#### WORK REQUIRED
Without the pictures, print the lines from the one holding "Salary & Job Profile of an RRB Clerk" through the last line below, both included, exactly as they stand.

#### INPUT DATA
----------

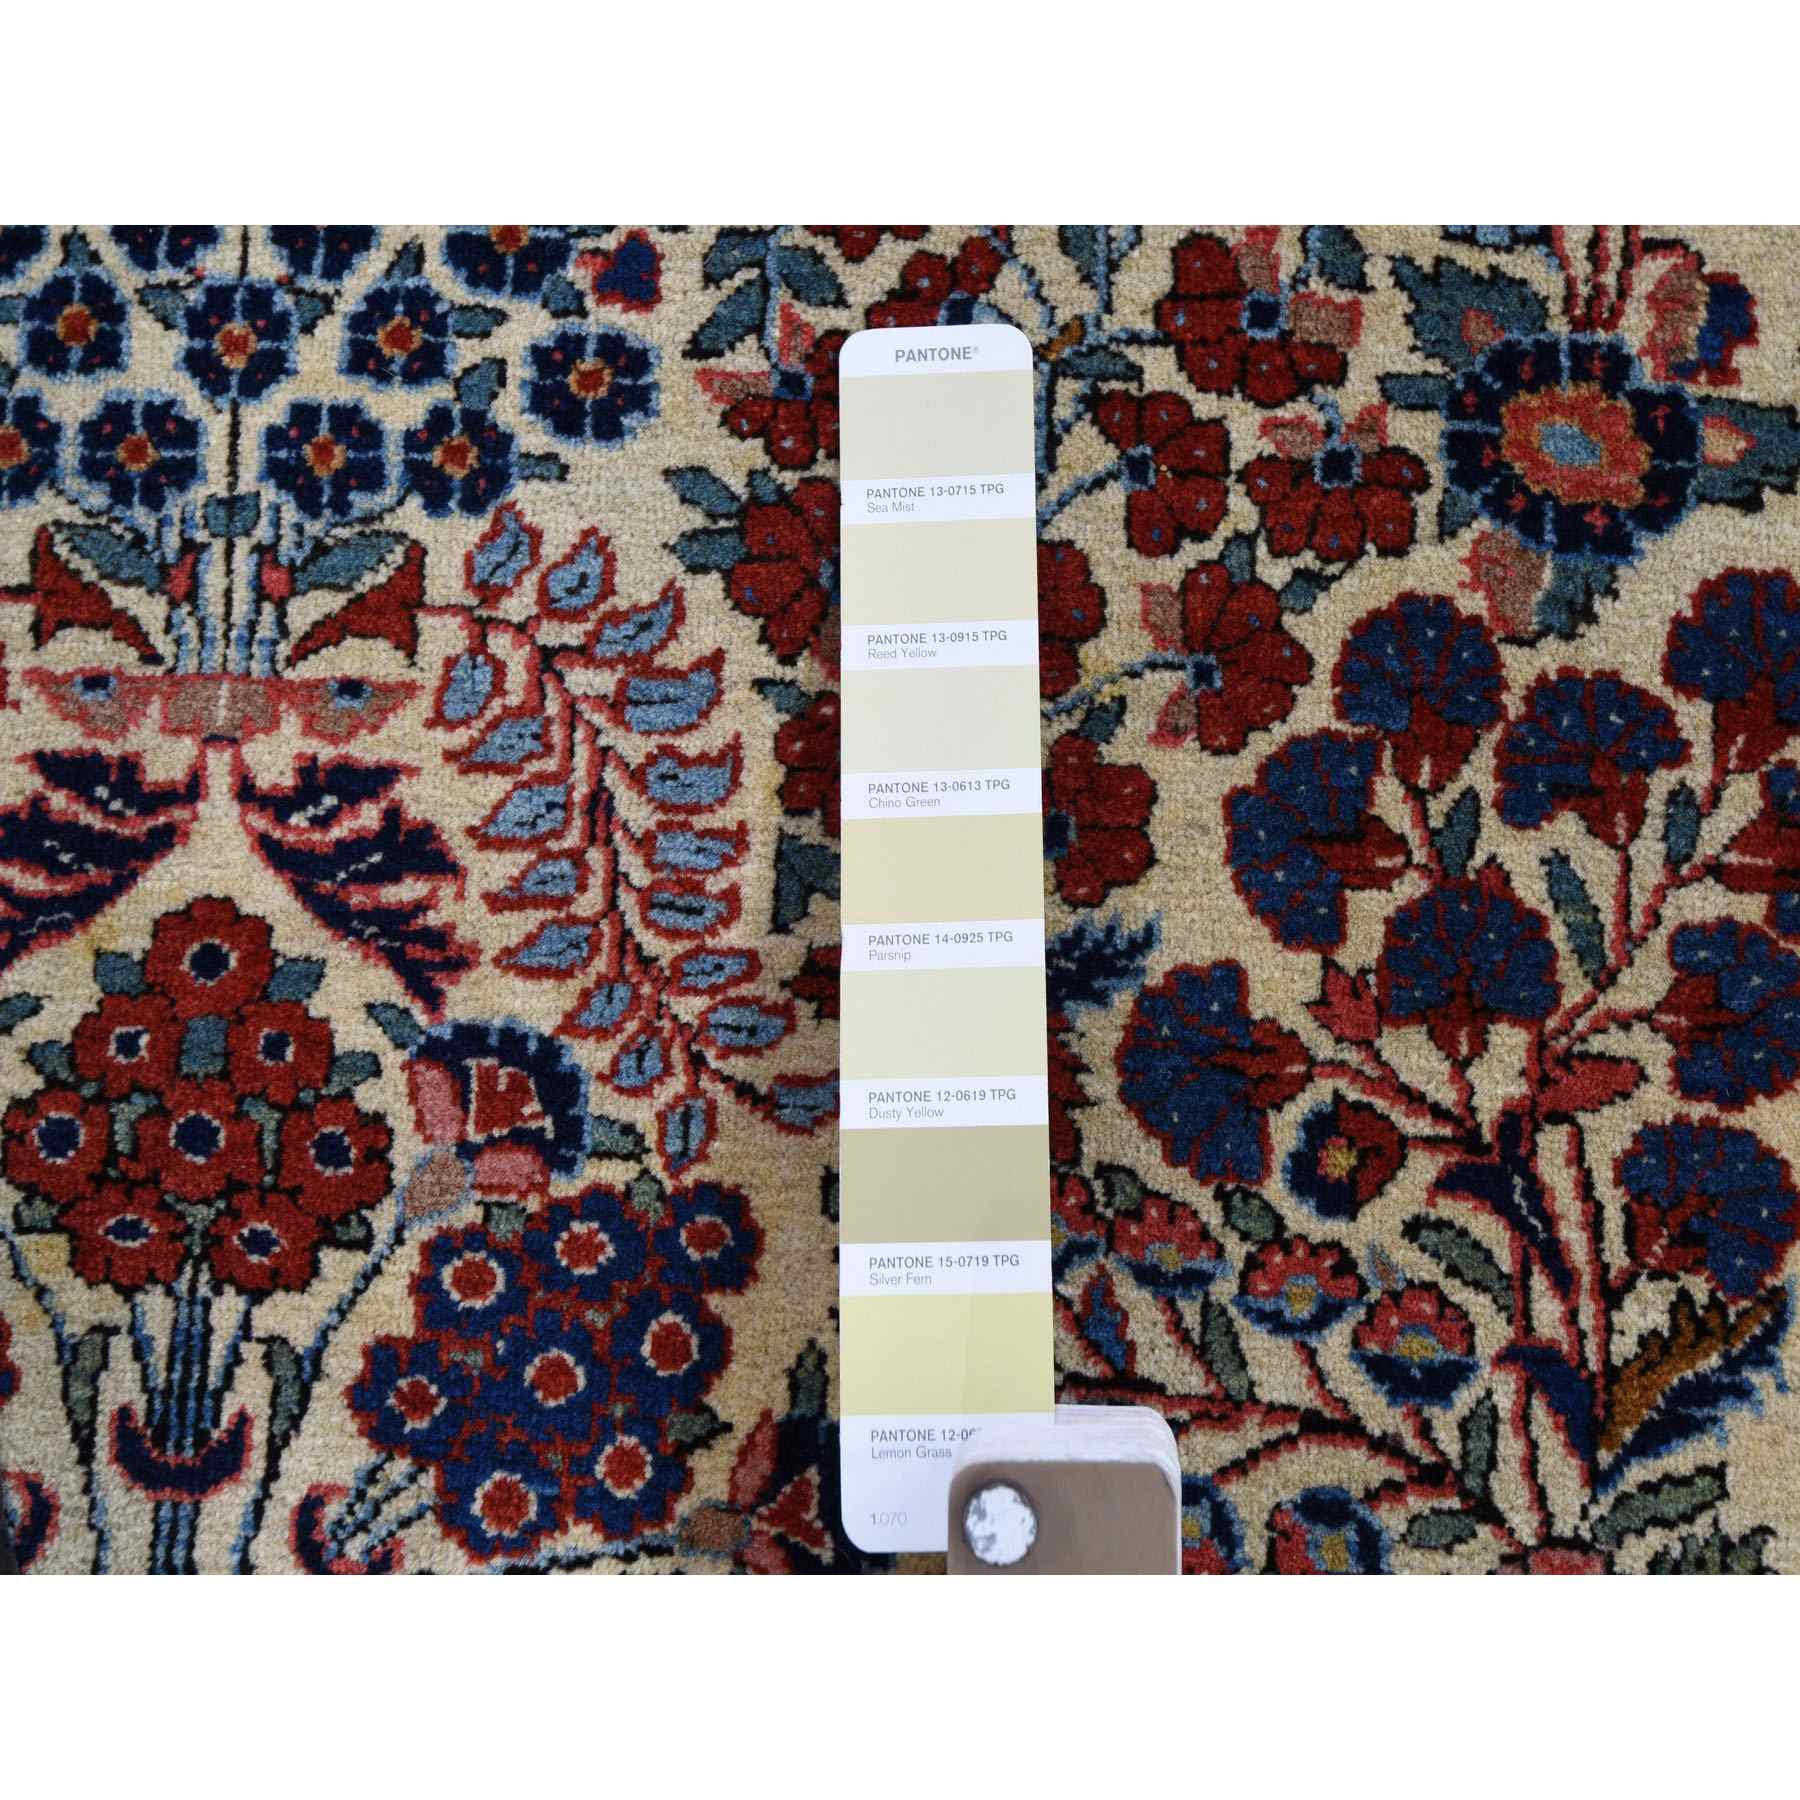 Antique-Hand-Knotted-Rug-243490
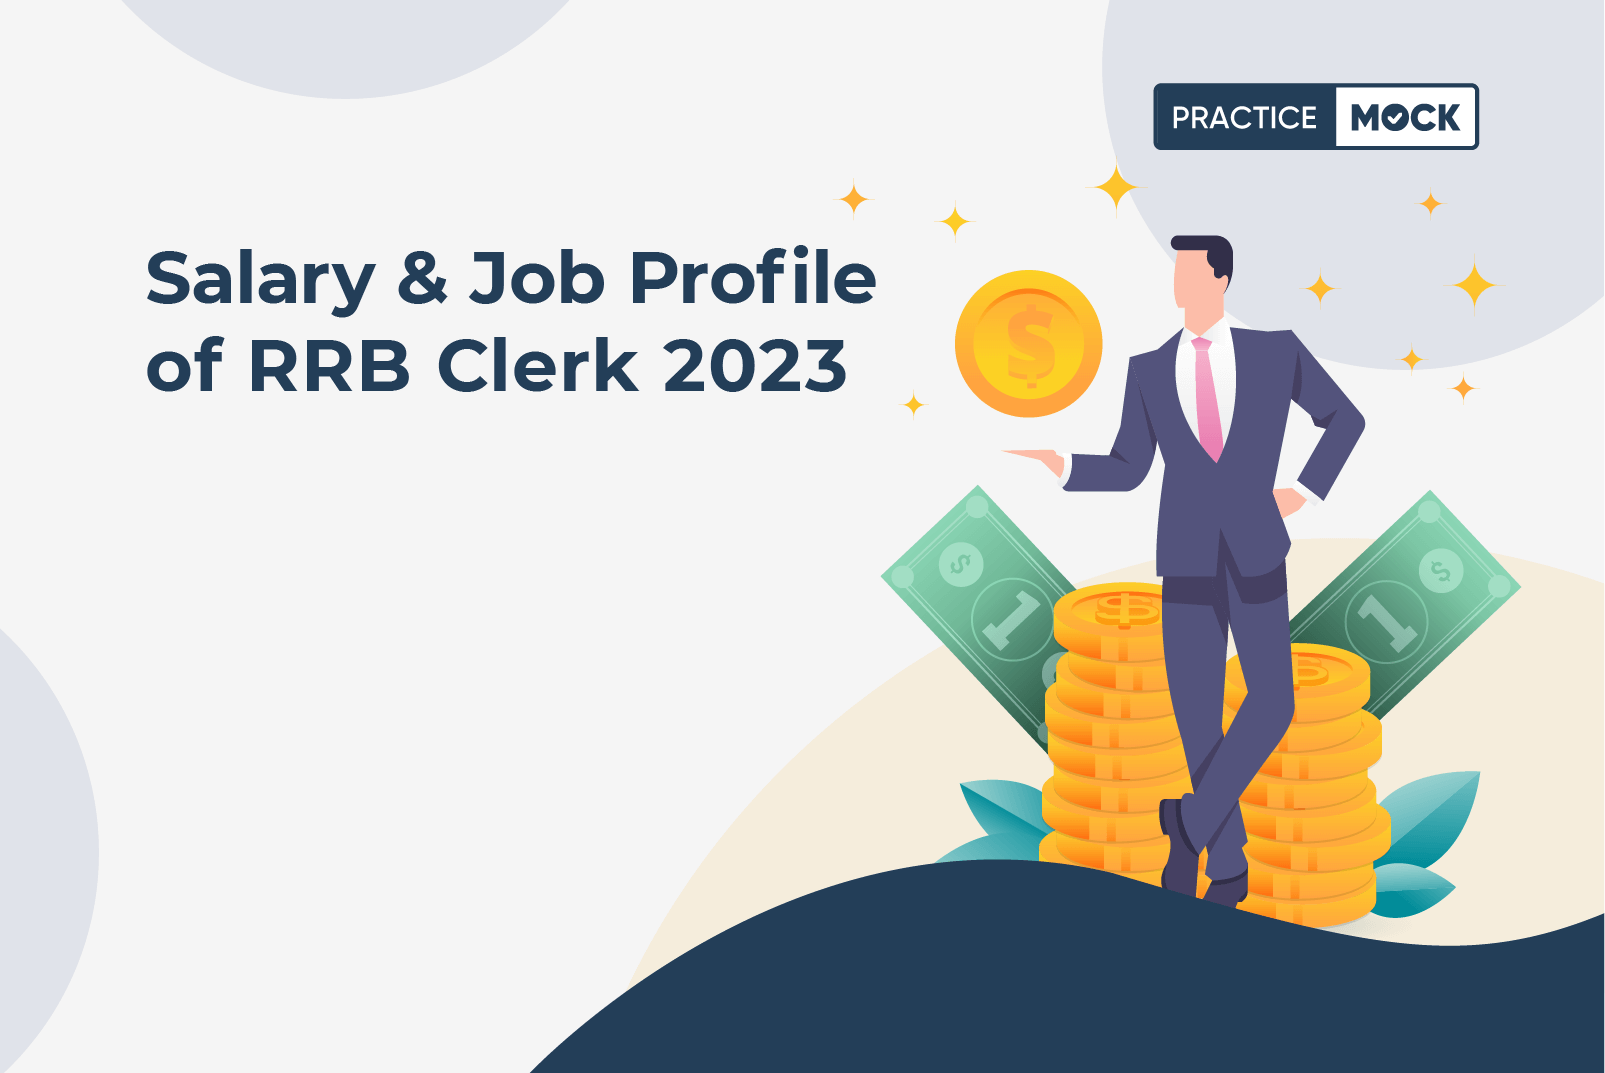 Salary & Job Profile of an RRB Clerk
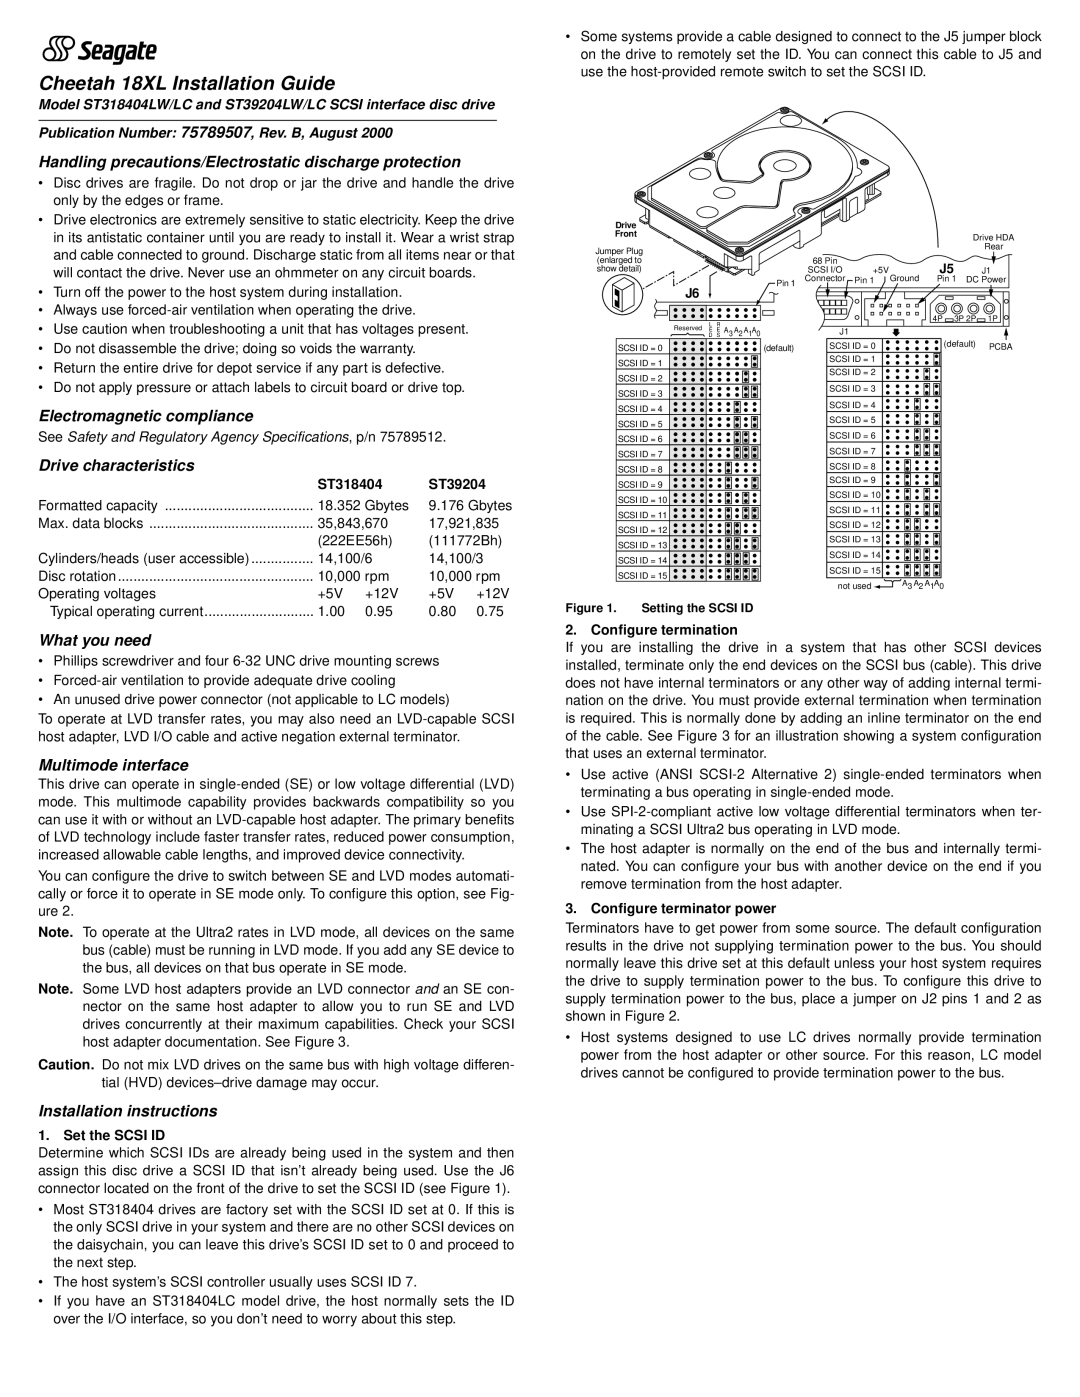 Seagate ST39204LW/LC installation instructions Handling precautions/Electrostatic discharge protection, What you need

----------

#### SOLVED EXERCISE
 Salary & Job Profile of an RRB Clerk
 Seagate ST39204LW/LC installation instructions Handling precautions/Electrostatic discharge protection, What you need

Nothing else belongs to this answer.